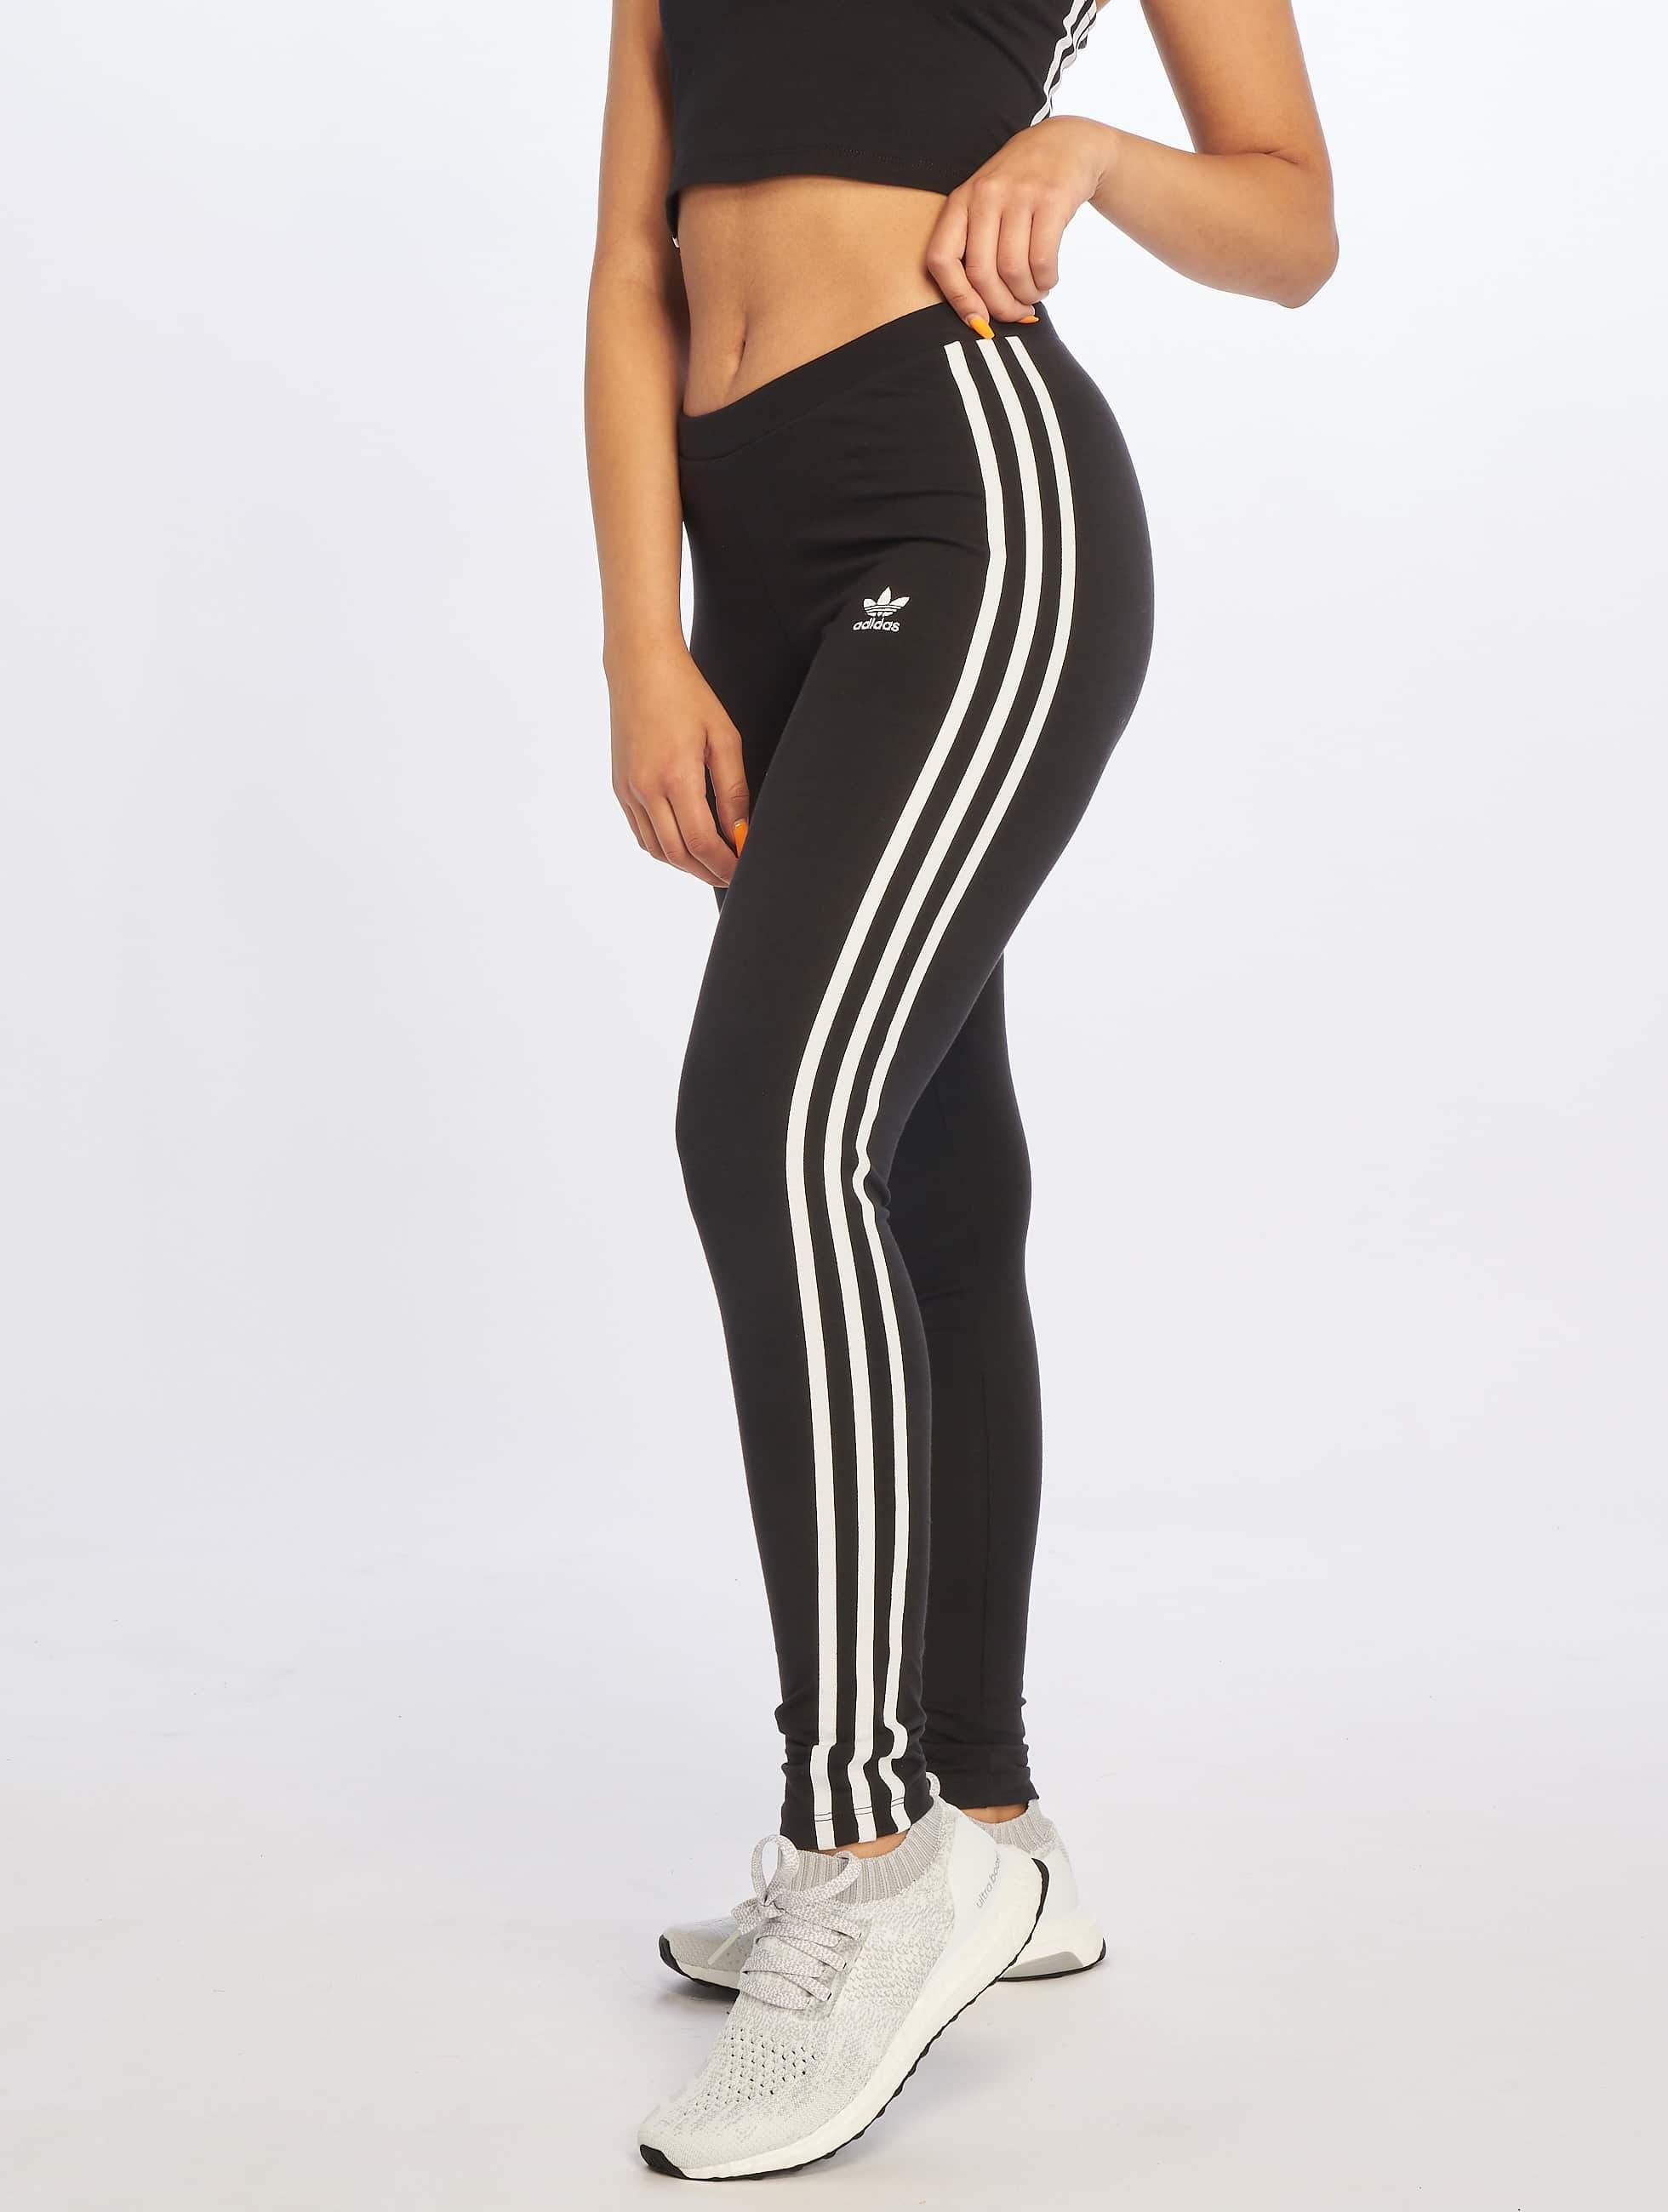 Details zu adidas originals Damen Hosen Legging 3 Stripes
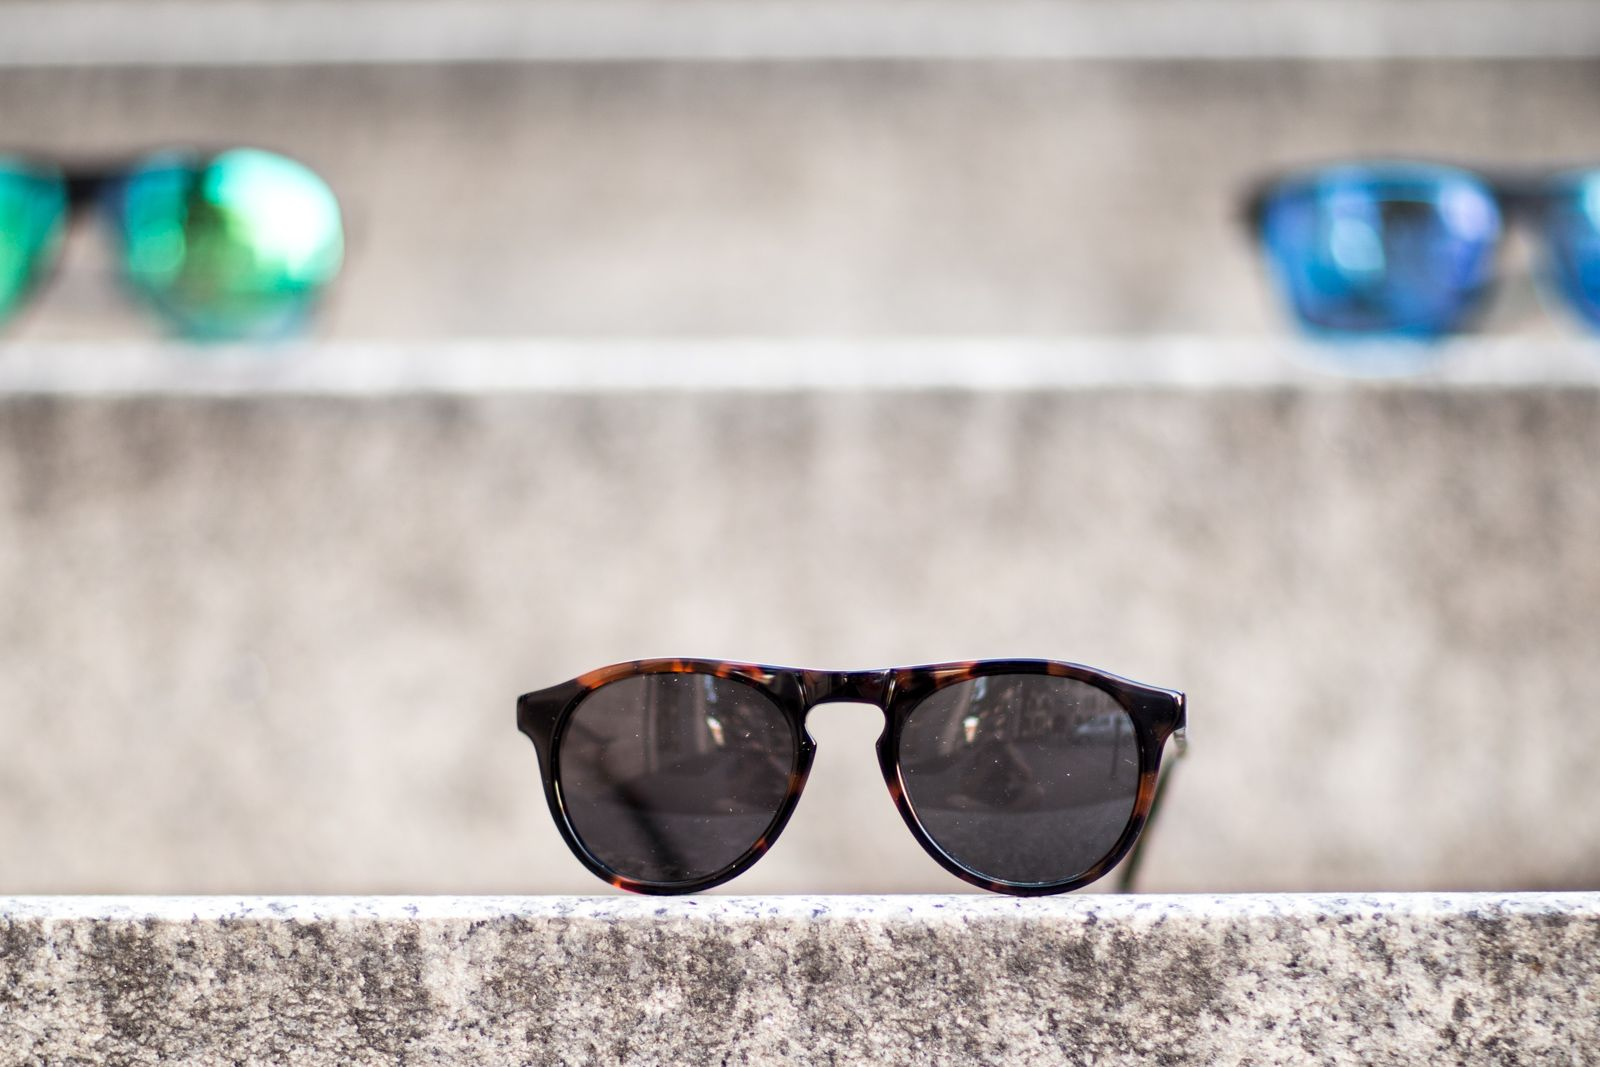 It's your choice! #sunglasses #eyewear #specs #glasses #fashion
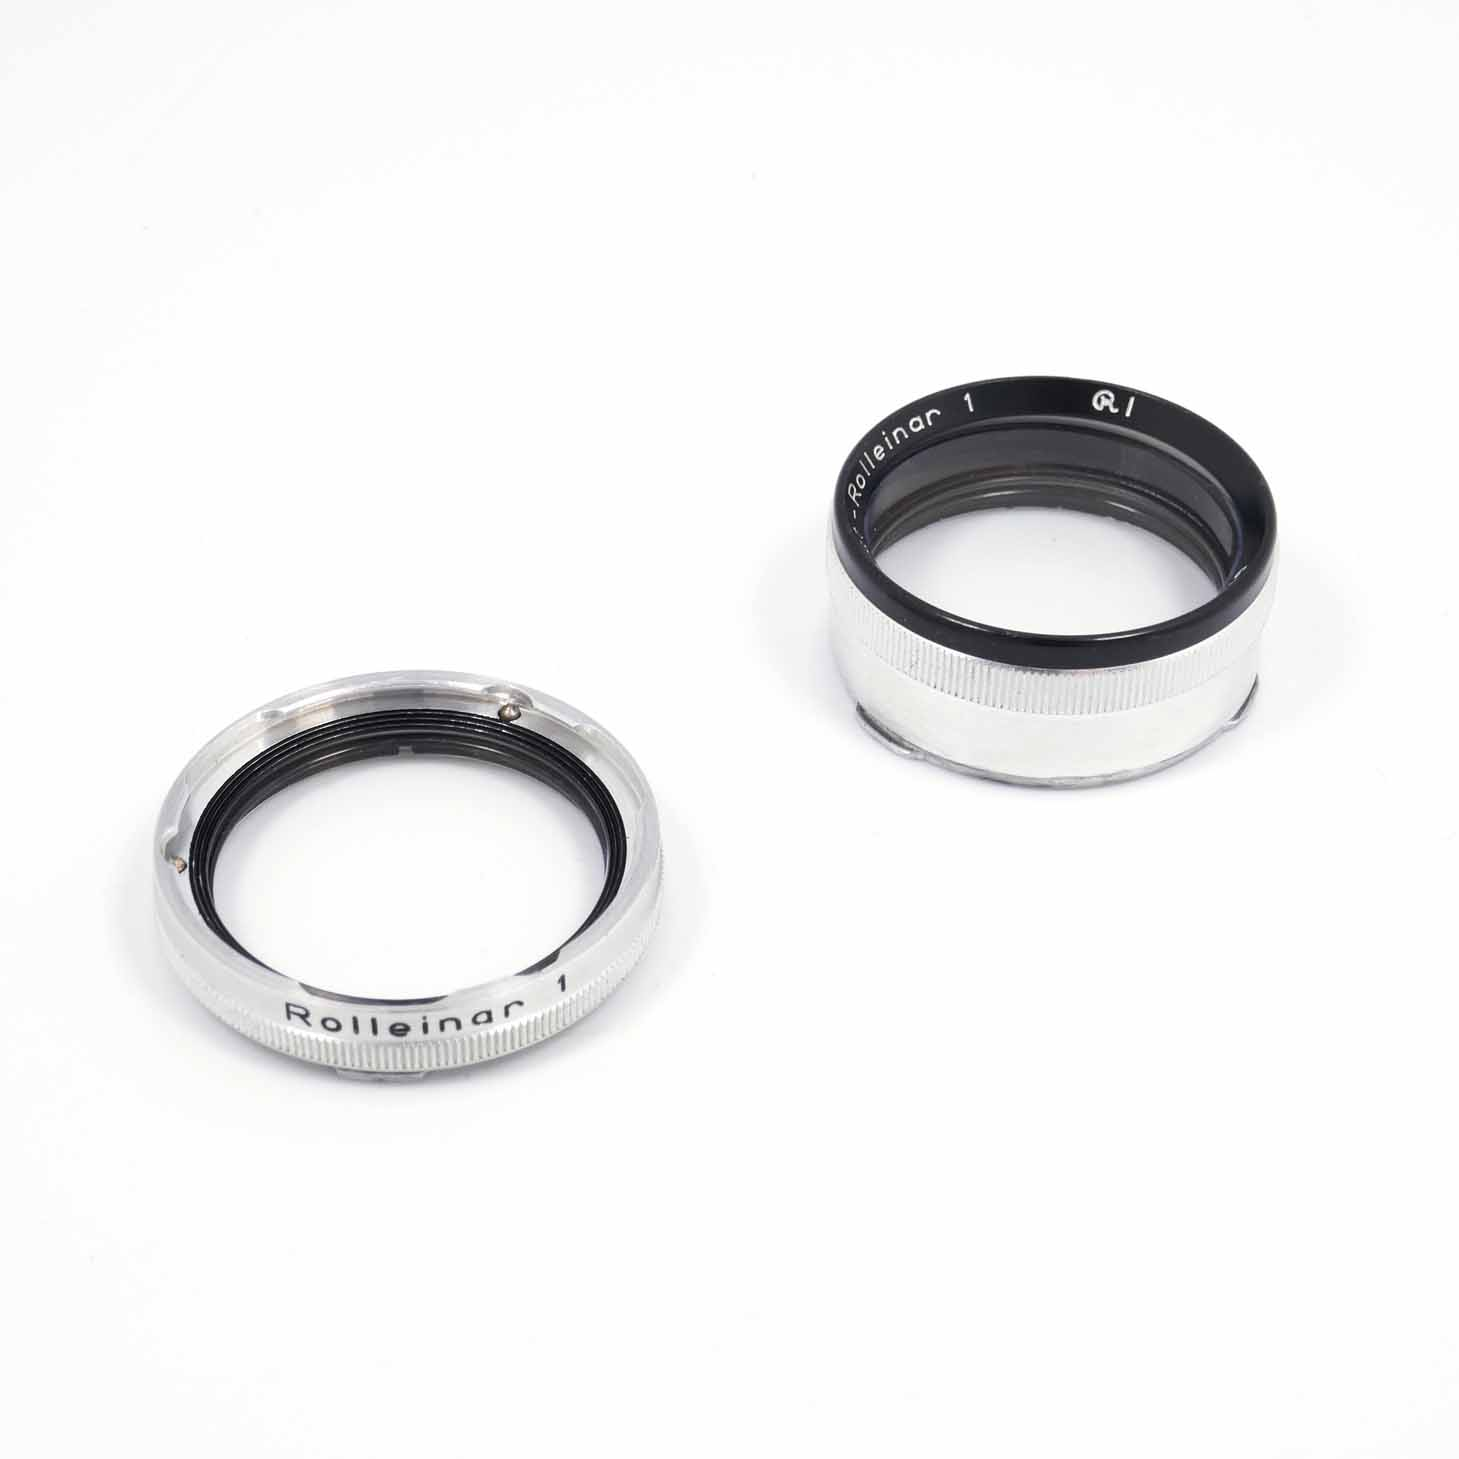 clean-cameras-Rolleinar-1-Bajonett-I-01
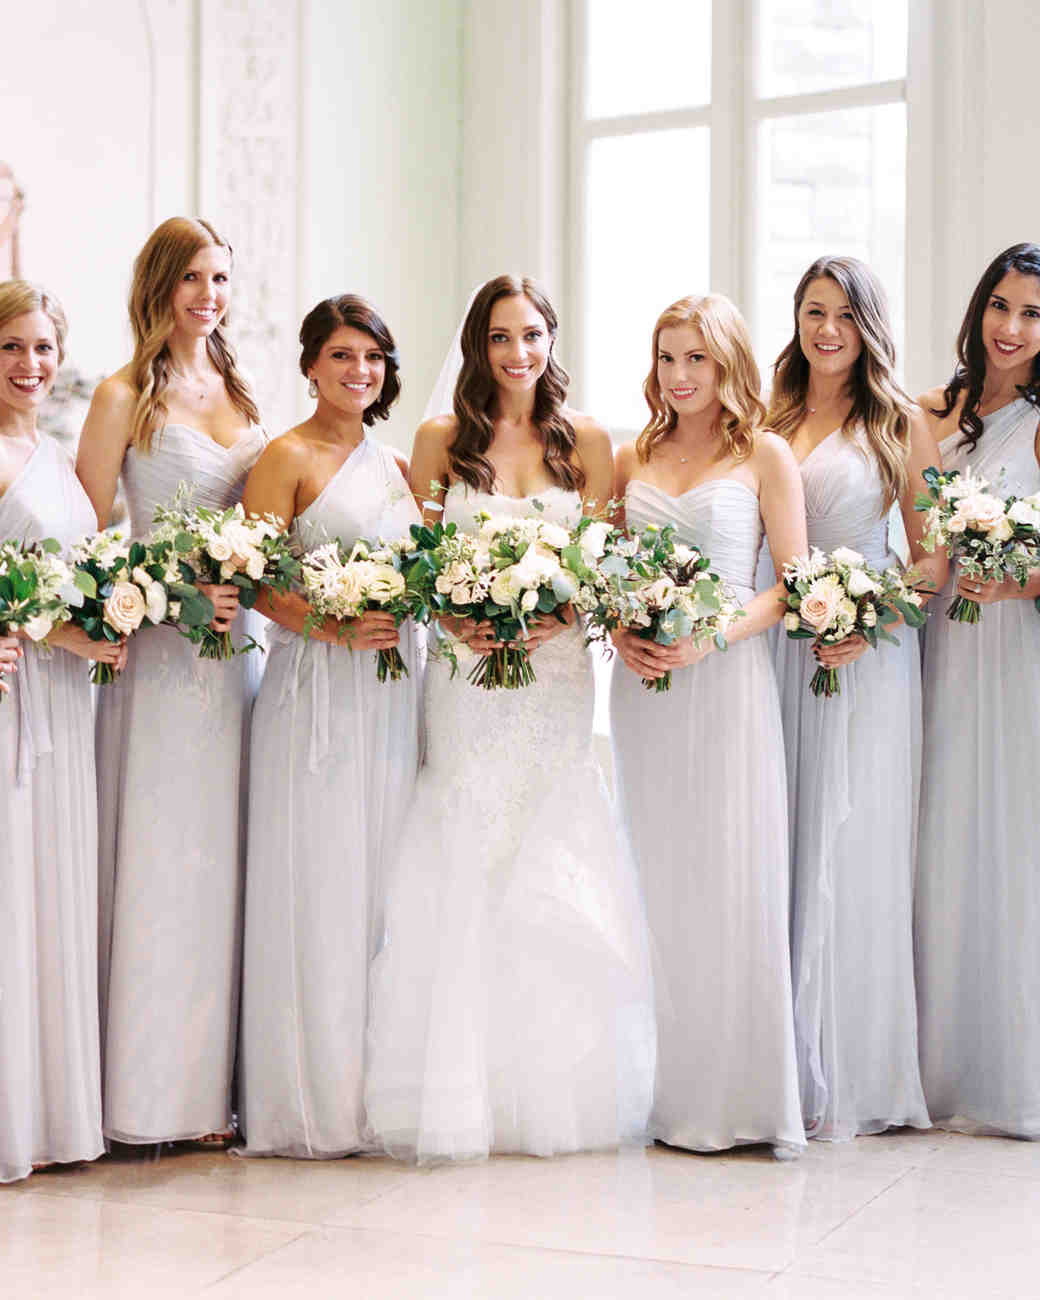 jackie-ross-wedding-bridesmaids-072-s111775-0215.jpg

[The task] What do the lines above say from the line containing "clean-cameras-Rolleinar-1-Bajonett-I-01" through the last line? Quote them exactly, both ends included, and leave out the pictures.

[Solution]
 clean-cameras-Rolleinar-1-Bajonett-I-01
 jackie-ross-wedding-bridesmaids-072-s111775-0215.jpg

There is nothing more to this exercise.